Позднее Артемий Петрович составил документ, озаглавленный им «Оправдание о персидском деле», где доказывал, что «принесено на меня, бутто я причиною был начинанию персидской войны», напрасно, поскольку невозможно было противиться страстному желанию Петра I в Азии «везде славу свою показать». Бывший астраханский губернатор рассказал о том, как во время купания в море при высадке у берегов Дагестана не захотел лезть в воду, «поупрямился в том, понеже тогда был припьян, и тем своим упрямством его <величество> прогневал». По словам Волынского, Апраксин и Толстой направили гнев Петра, узнавшего о потерях Ветерани, на него — якобы он неверно информировал о трудностях и возможном сопротивлении. Разошедшийся государь, писал Артемий Петрович, «изволил наказать меня, как милостивой отец сына своею ручкою», а потом уехал с адмиральского корабля на свой, вызвал к себе губернатора «и тут гневался, бил тростью, полагая вину ту, что тот город (Эндери. — И.К.) явился многолюднее, нежели я доносил». От дальнейших поучений «милостивого отца» Волынского избавила царица Екатерина[53]…
Однако ускорить события царская дубинка не могла. В аграханском лагере войска простояли неделю, ожидая Ветерани — тот со своими драгунами подошёл только 2 августа, но людям и лошадям нужно было дать отдых. 3 августа из аграханского лагеря к Вахтангу было отправлено новое письмо, которым император извещал союзника о своём прибытии и планах: «…идём к Таркам, а оттуды пойдём к Дербеню и к Баке». Пётр надеялся, что Вахтанг совершит удачный «поиск» против Хаджи Дауда, и рассчитывал на скорое «случение» с грузинским войском «между Дербени и Баки»[54].
Марш на Дербент
5 августа, оставив в ретраншементе полторы тысячи больных под охраной трёхсот солдат и 1 500 казаков, армия двинулась на юг вдоль побережья моря. Сам государь император изволил ехать верхом перед гвардией. На подходе к реке Сулак к армии присоединились украинские казаки во главе с миргородским полковником Даниилом Апостолом. Неглубокий Сулак оказался трудным для переправы из-за илистого дна. Опять пришлось задержаться — готовить плоты и паромы. В лагерь прибыл крупнейший владетель Северного Дагестана[55] — тарковский шамхал Адиль-Гирей. На следующий день он был принят Петром и передал войскам 616 быков с повозками-арбами, а царю подарил трёх персидских лошадей. Следом явились костековский и аксаевский владетели.
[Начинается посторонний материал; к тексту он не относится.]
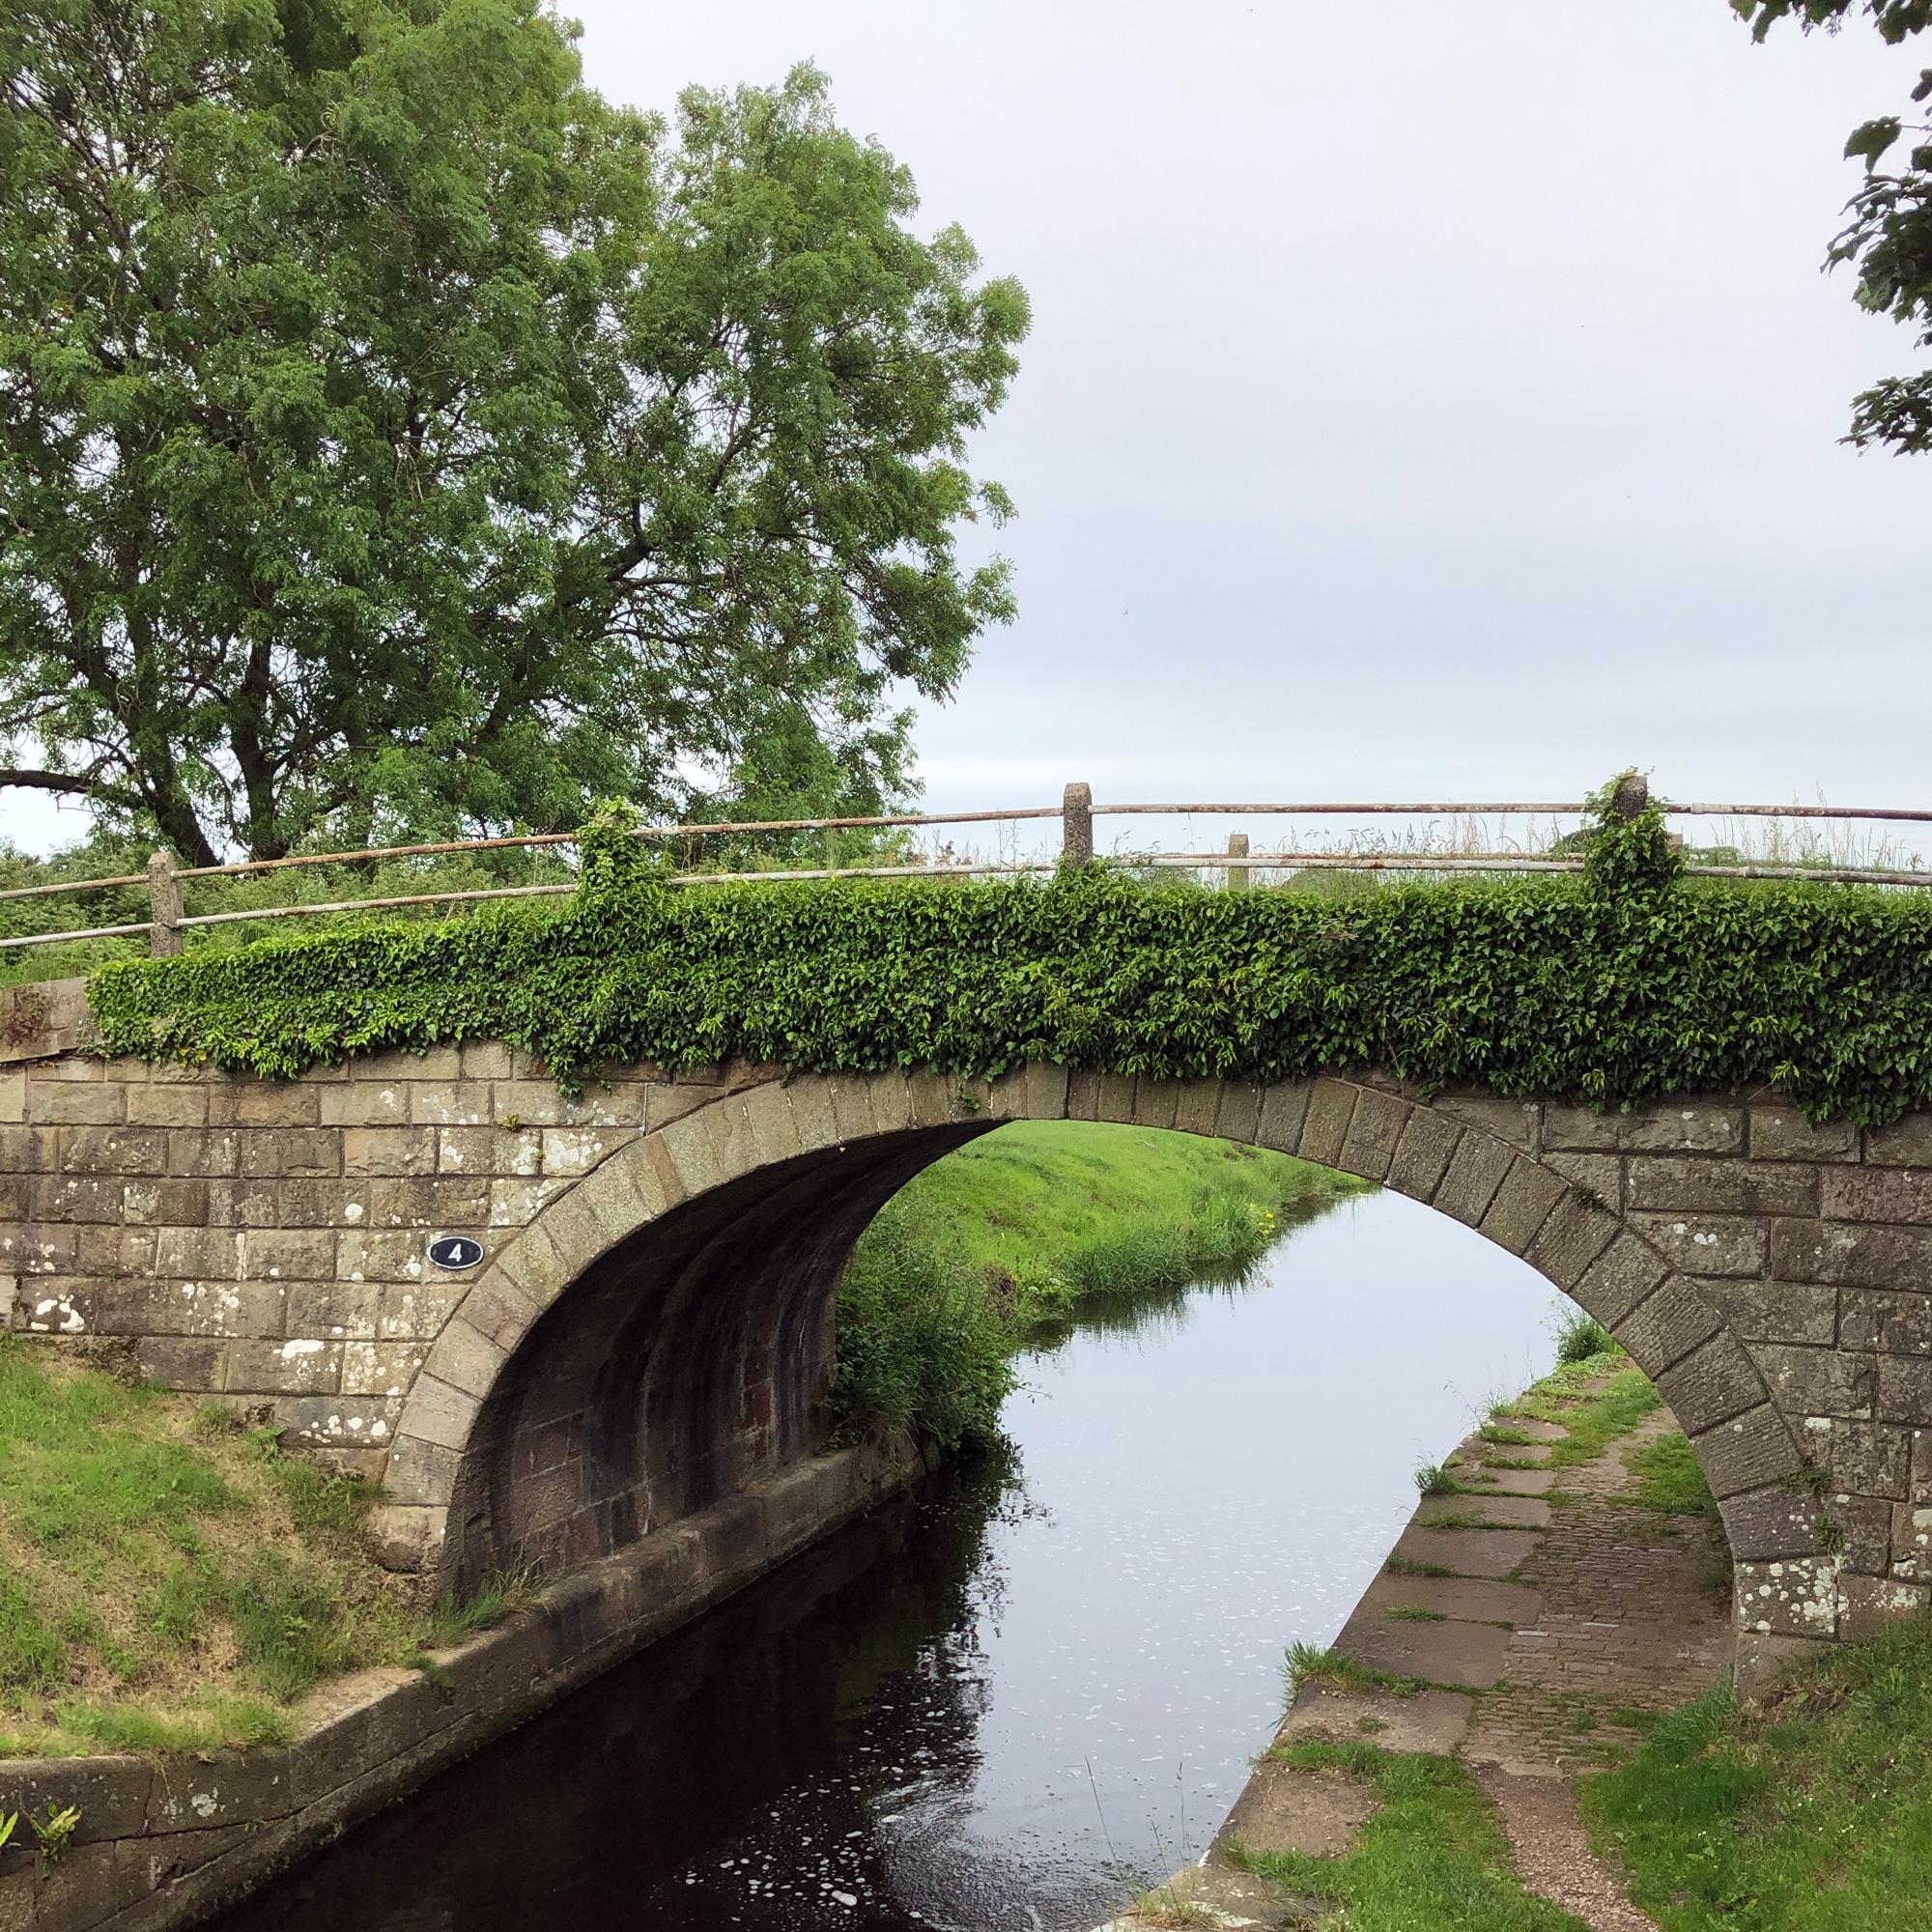 bridge-over-canal.jpg
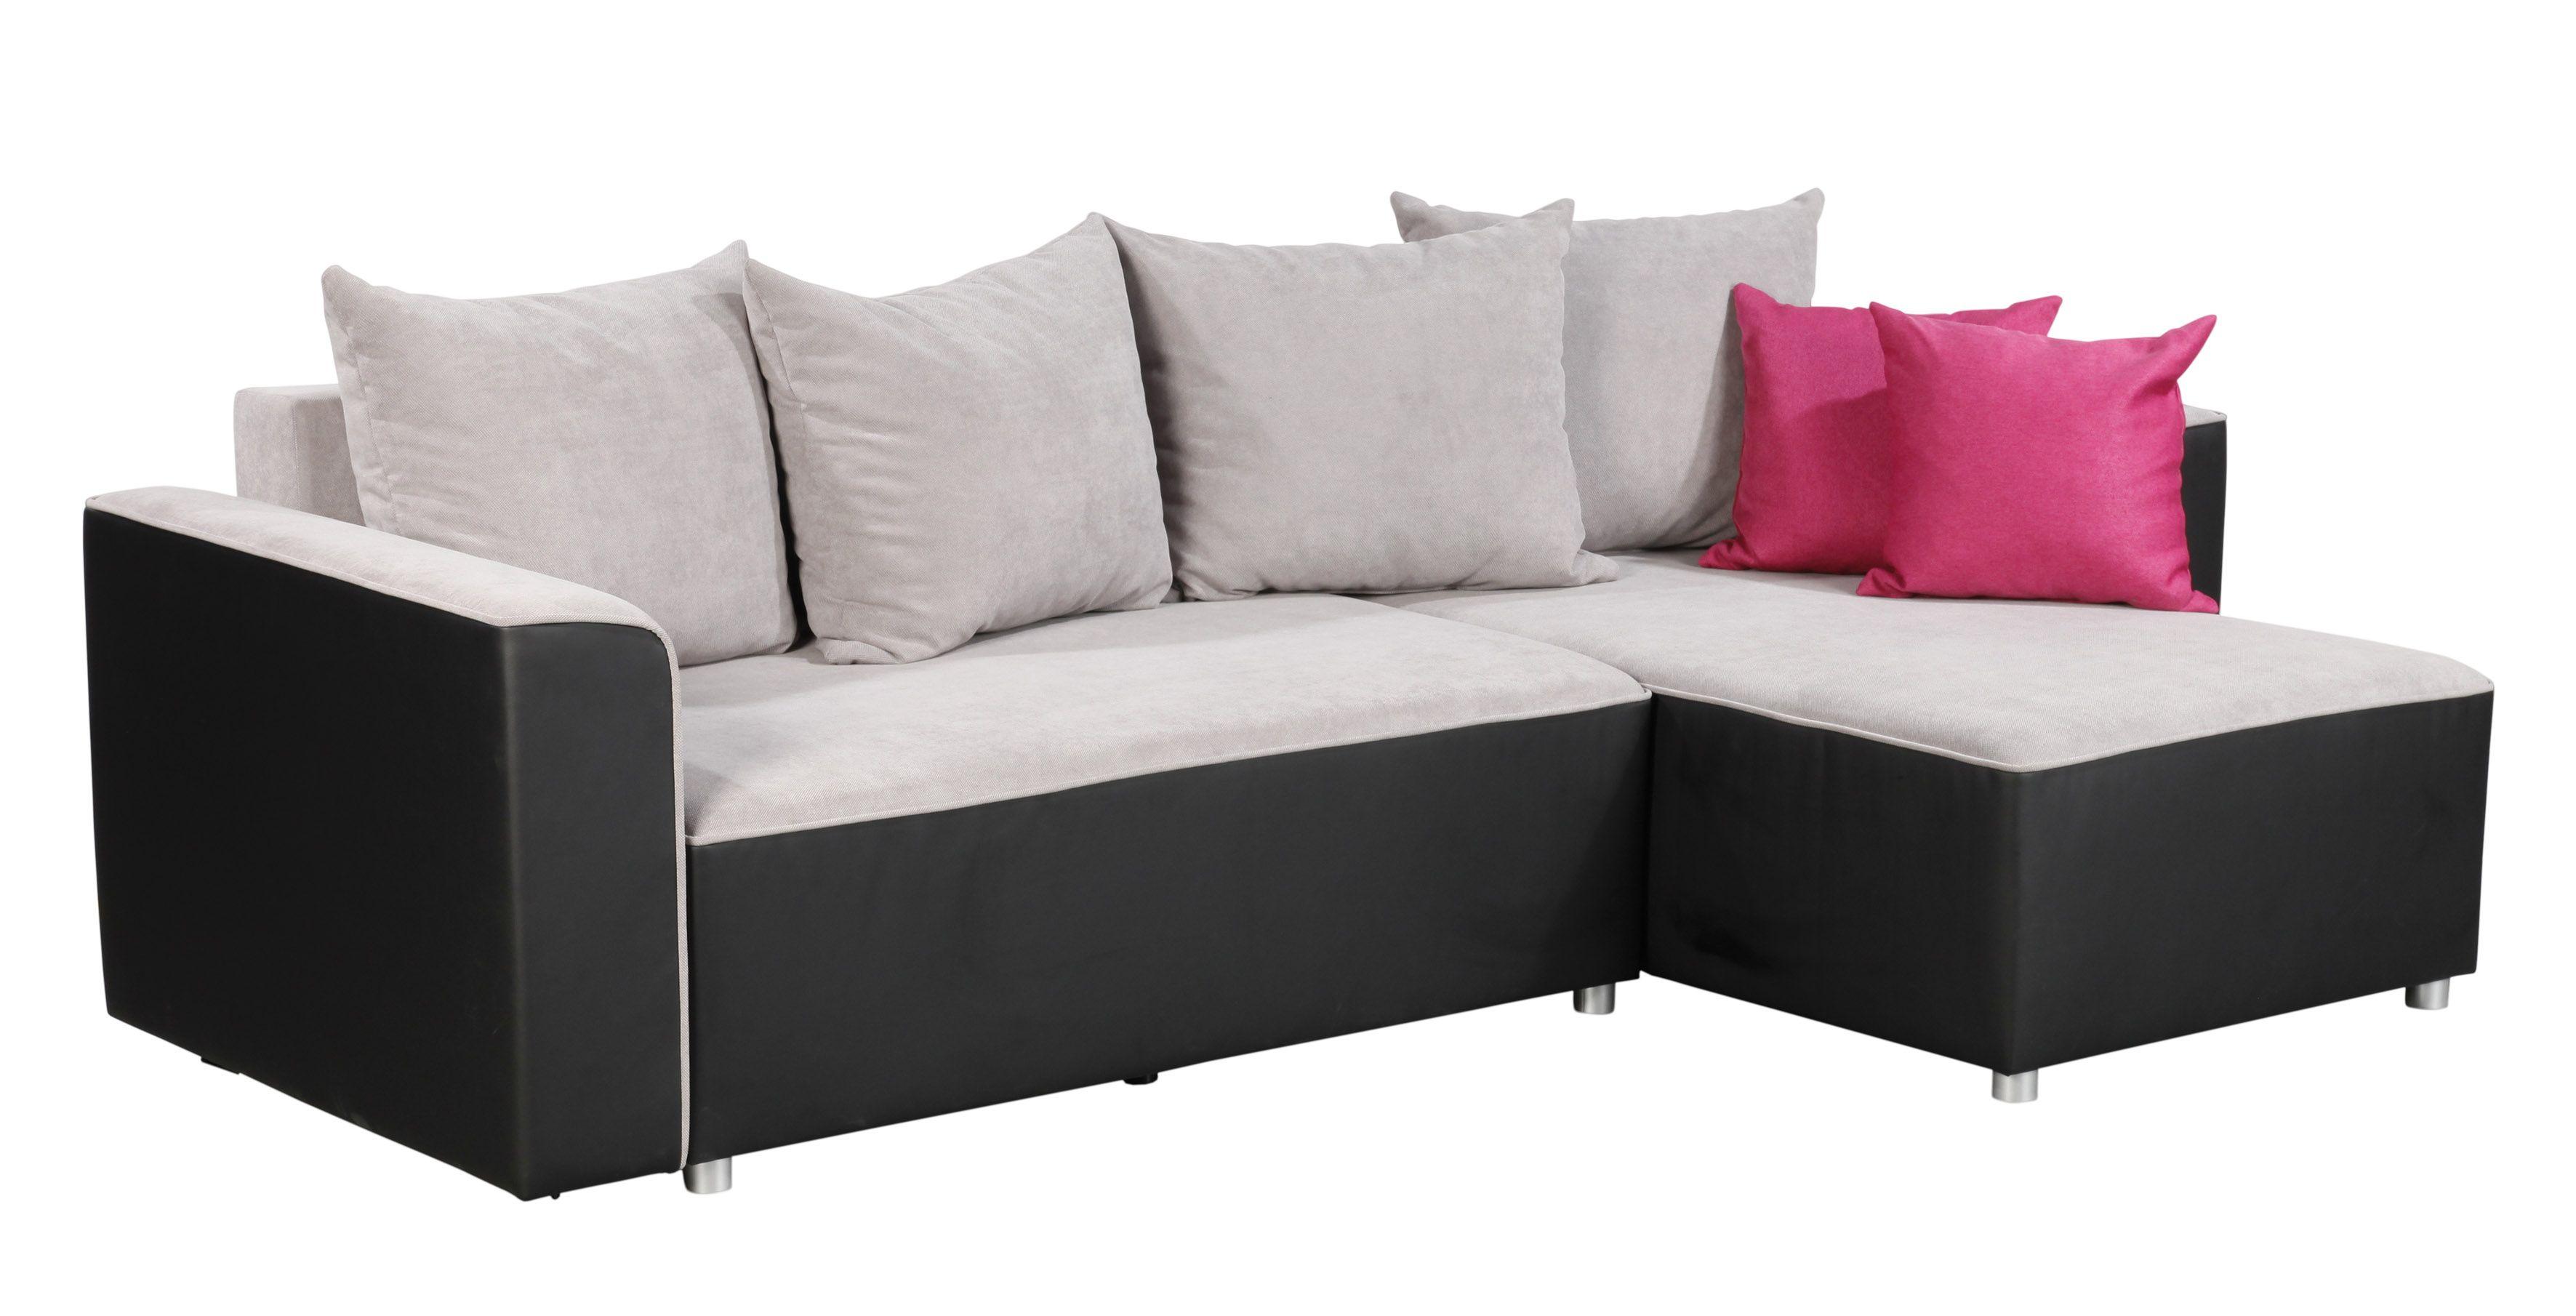 Sklepy Meblowe Abra Outdoor Sectional Sofa Sectional Sofa Sectional Couch

Несколько дней войска и «тягости» переправлялись через Сулак. «Сия переправа зело трудна была, ибо только люди, артиллерия, амуниция провиант и рухлядь [были на плотах], а лошади, волы и верблюды, телеги и коляски вплавь все; а и люди до пояса раздеты были ради разлития реки… чего для до паромов доходить посуху было невозможно, также на камышовых плотах для мокроты оных едва не по пояс люди стояли», — записал в походном журнале сам Пётр I.
53
Там же. Ф. 6. Oп. 1. № 276. Ч. 2. Л. 80–87. См. также:
55
До конца XVIII века Дагестан оставался раздробленным на мелкие государственные образования: на севере располагались Тарковское шамхальство, Эндиреевское, Аксаевское, Костековское, Буйнакское, Эрпелинское, Карабудахкентское владения, Мехтулинское ханство, а также Утемишское султанство. Помимо них имелись Кайтагское уцмийство, Табасаранское майсумство, владения кадия Табасарана, Дербентское, Аварское, Казикумухское ханства и более шести десятков союзов сельских обществ. Дагестанские владетели не раз отправляли посольства к русским царям, а те выдавали им жалованные грамоты как своим подданным. Одновременно эти же правители получали подарки от шахов и выставляли по их требованиям конные отряды, таким образом, находились в «опчем холопстве», то есть одновременно признавали себя вассалами Москвы и Исфахана.